Умственный эксперимент в философии права и теоретической юриспруденции: понятие и типология

Вопреки господствующим в философии науки представлениям существует точка зрения, согласно которой метод эксперимента зародился не в естествознании, а в средневековой науке права и был перенесен на изучение природы основоположником индуктивной логики Нового времени Ф. Бэконом1. Но даже в таком случае историчность и уникальность исследуемых объектов, отсутствие четкого их отграничения от субъекта с его познавательными действиями, высокая социальная и гуманитарная цена осложняют использование эксперимента в социально-гуманитарных разработках. Острота этих и других встающих на пути ученого-экспериментатора проблем частично ослабляется посредством замены изучаемого явления имеющим иную природу материальным либо идеальным аналогом. Предмет нашего исследования лежит как раз в плоскости мысленного экспериментирования и локализован в области его применения в философии и теории уголовного права, а дальнейшие рассуждения исходят из следующих посылок.

Первое . Differentia specifica умственного эксперимента есть, разумеется, использование в качестве модели комплекса ментальных образов. В советской философии структурированная трактовка идеализированного эксперимента была разработана еще в 1960-е гг. В. А. Штоффом. Отмечая момент взаимодействия в нем дискурсивного мышления и творческого воображения, ученый вместе с тем неукоснительно проводил линию, отвечавшую директивному в то время учению о познании как об отражении, на строгую вторичность мысленных процедур по отношению к действиям, выполняемым при постановке натурных экспериментов, а образцы последних черпал из естественных наук. Как следствие, всплески умственной активности, не дотягивающие до физикалистского стандарта (правила построения идеализированного квазиобъекта и квазиприборов, точное применение объективных законов и научных фактов и т. д.), отфильтровывались в разряд эффектов наглядного мышления, представляющих больше психологический, нежели гносеологический интерес2.

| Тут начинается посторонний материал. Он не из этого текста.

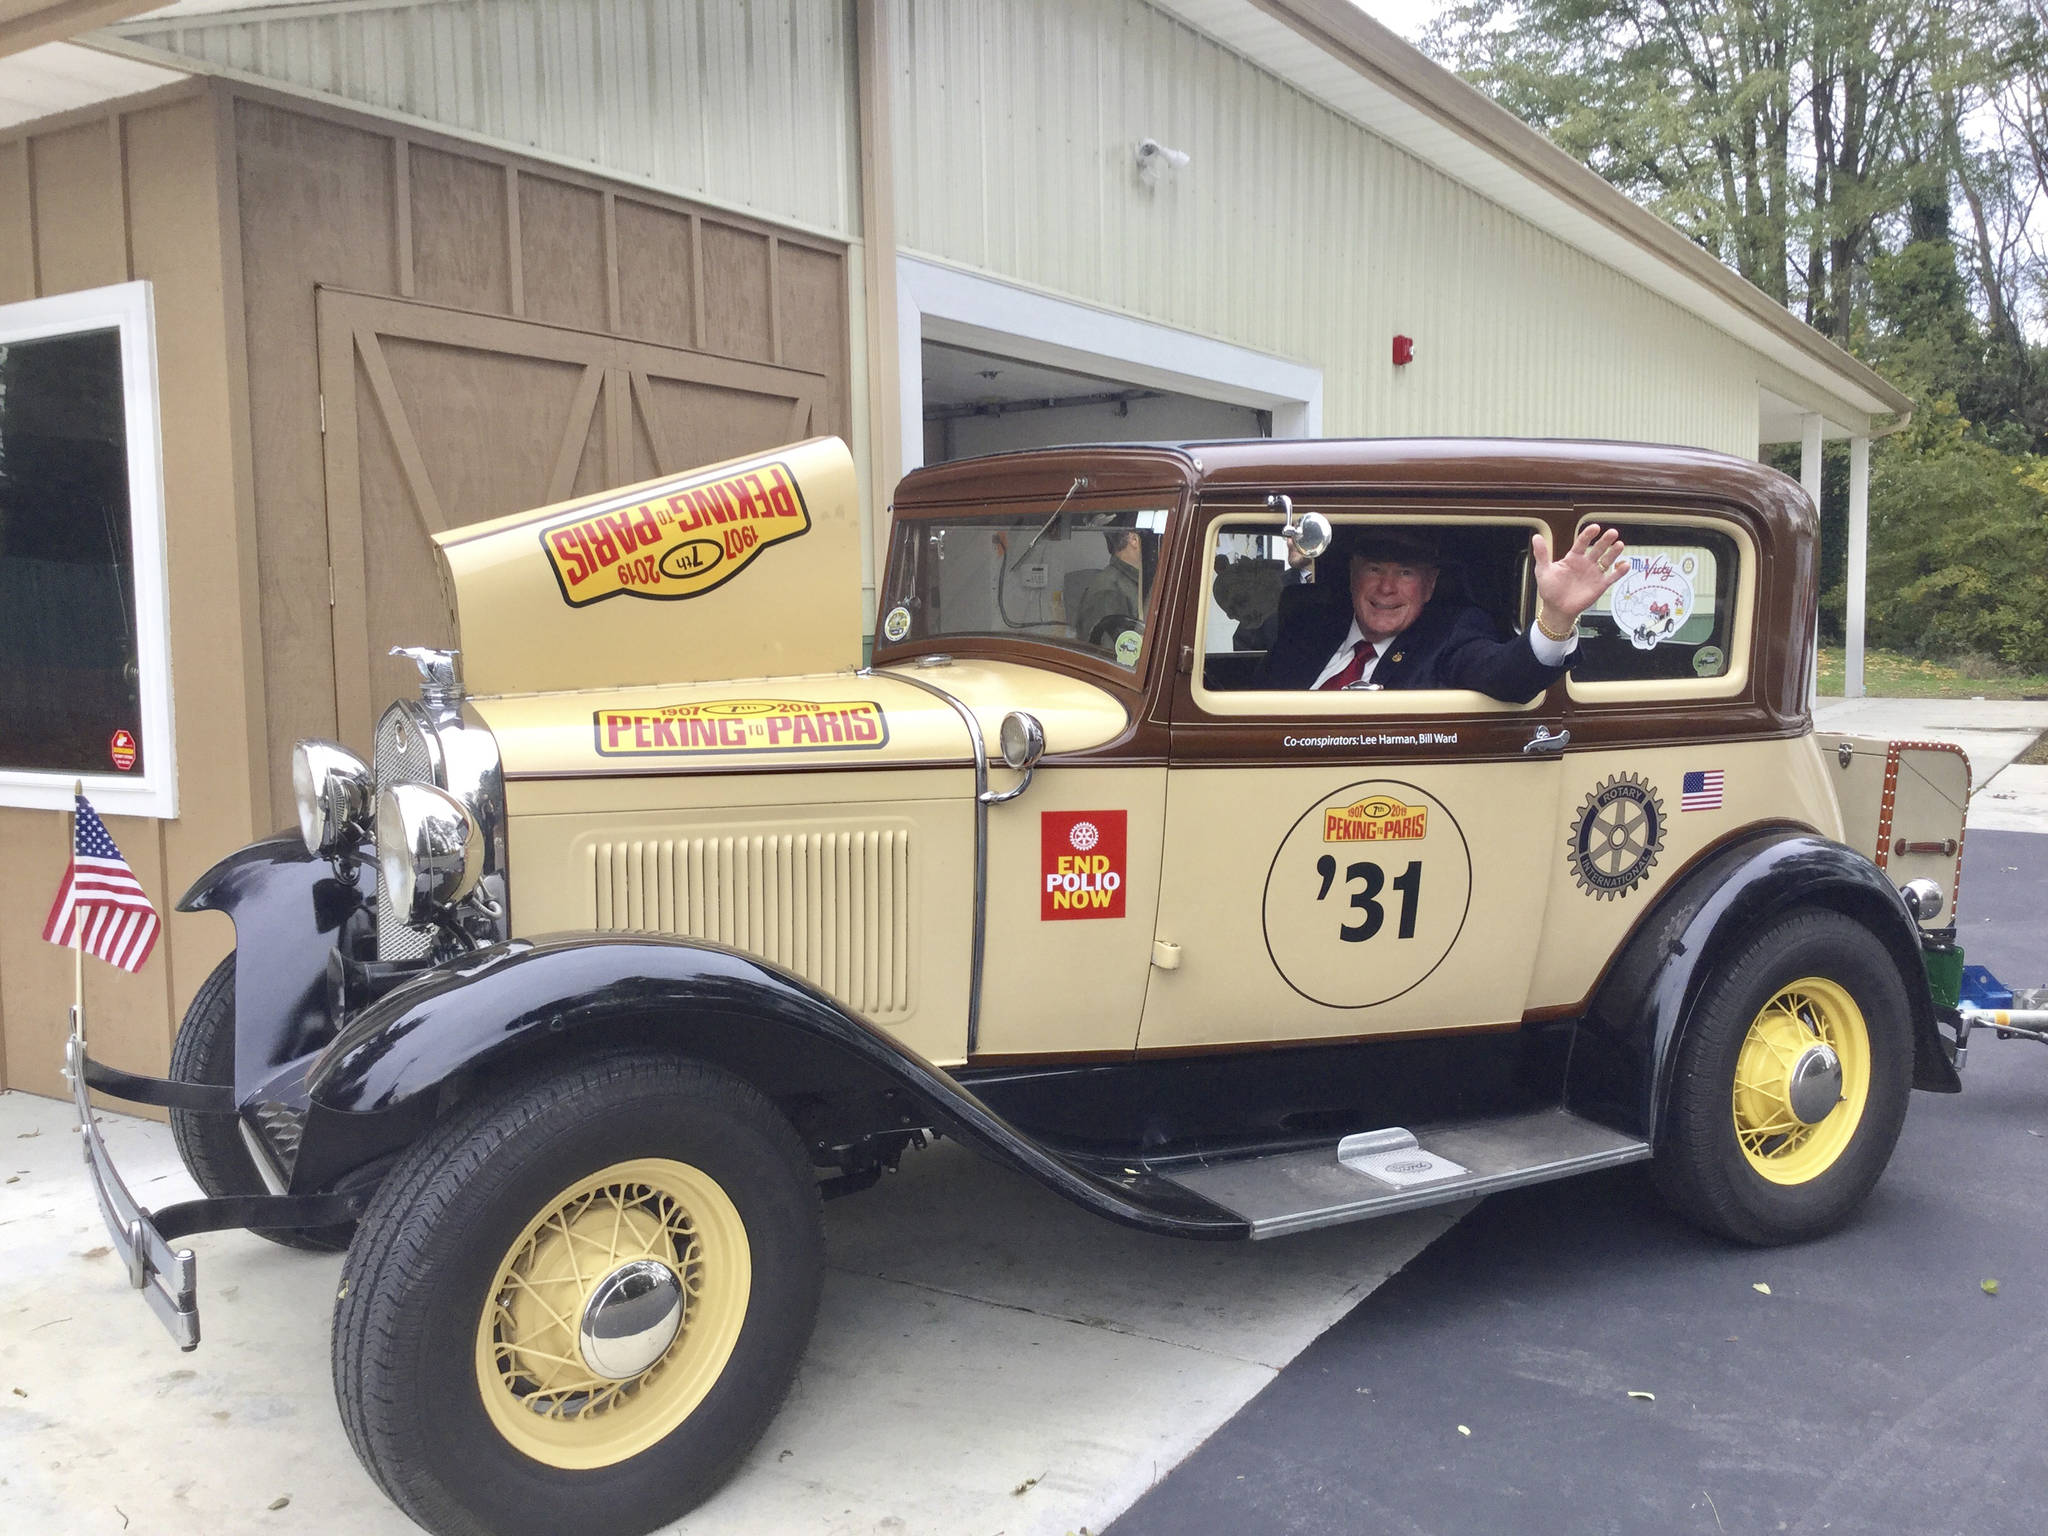 Arlington Rotarian Lee Harman will be driving “Miss Vicky,” a 1938 Model A Ford Victoria, in the 10,000-mile Peking to Paris Endurance Motor Challenge to raise $1 million toward eradicating polio.
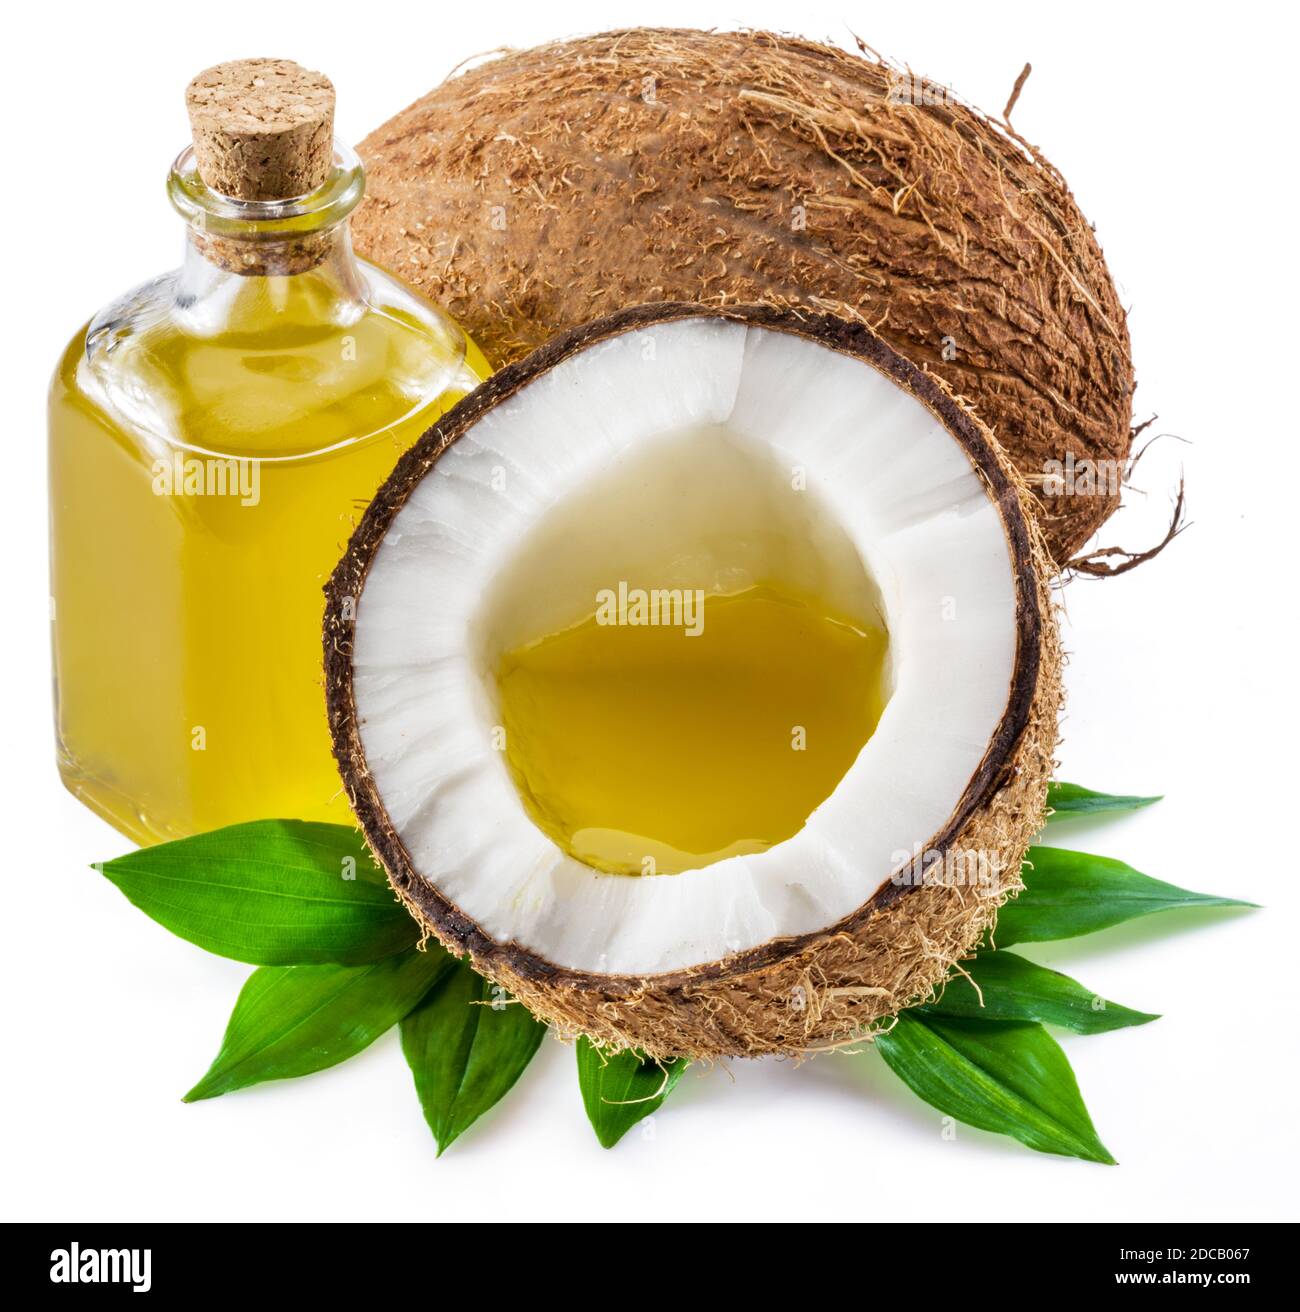 Cracked coconut fruit and coconut oil isolated on white background. Stock Photo

В настоящее время такой подход выглядит чрезмерно жестким и узким, а по отношению к гуманитарному мышлению еще и дискриминационным. Если оперирование ментальными образами заменяет, пусть лишь конспективно и схематически, материальные действия с исследуемыми явлениями, получает знаковое выражение на принятом в соответствующей отрасли науки языке и играет в ней эвристическую, объяснительную, аргументативную, прогностическую роль, то оно имеет научное значение, как его ни назови. И термин «мысленный эксперимент» представляется вполне подходящим по соображениям лексической экономии, а также ввиду того, что подчеркивает внутреннее родство различных форм научной методологии.

Второе . «В философии права, — отмечает Н. И. Мартишина, — мысленный эксперимент чаще всего принимает вид конструирования юридической коллизии, основанной на реальности, но посредством сильных идеализаций доведенной до крайней формы, и попытки найти ее решение»3. При этом параллелью средств объективного контроля, позволяющих описывать его ход и результат в терминах наблюдения, служит перевод или, может быть, лучше сказать облечение абстрактных концептов в ассоциативные образы с целью наглядности. «Должна быть построена четкая и визуально представимая ситуация. В ней мысленно осуществляются некоторые действия, которые должны привести к небольшому числу ясно прослеживаемых результатов»4. Эффектными и эффективными изобразительными орудиями придания изучаемой проблеме качества человекоразмерности, драматизации, внесения в нее элемента интриги и психологической напряженности служат риторические фигуры. С точки зрения риторики умственный эксперимент является аллегорией умозрительного конструкта.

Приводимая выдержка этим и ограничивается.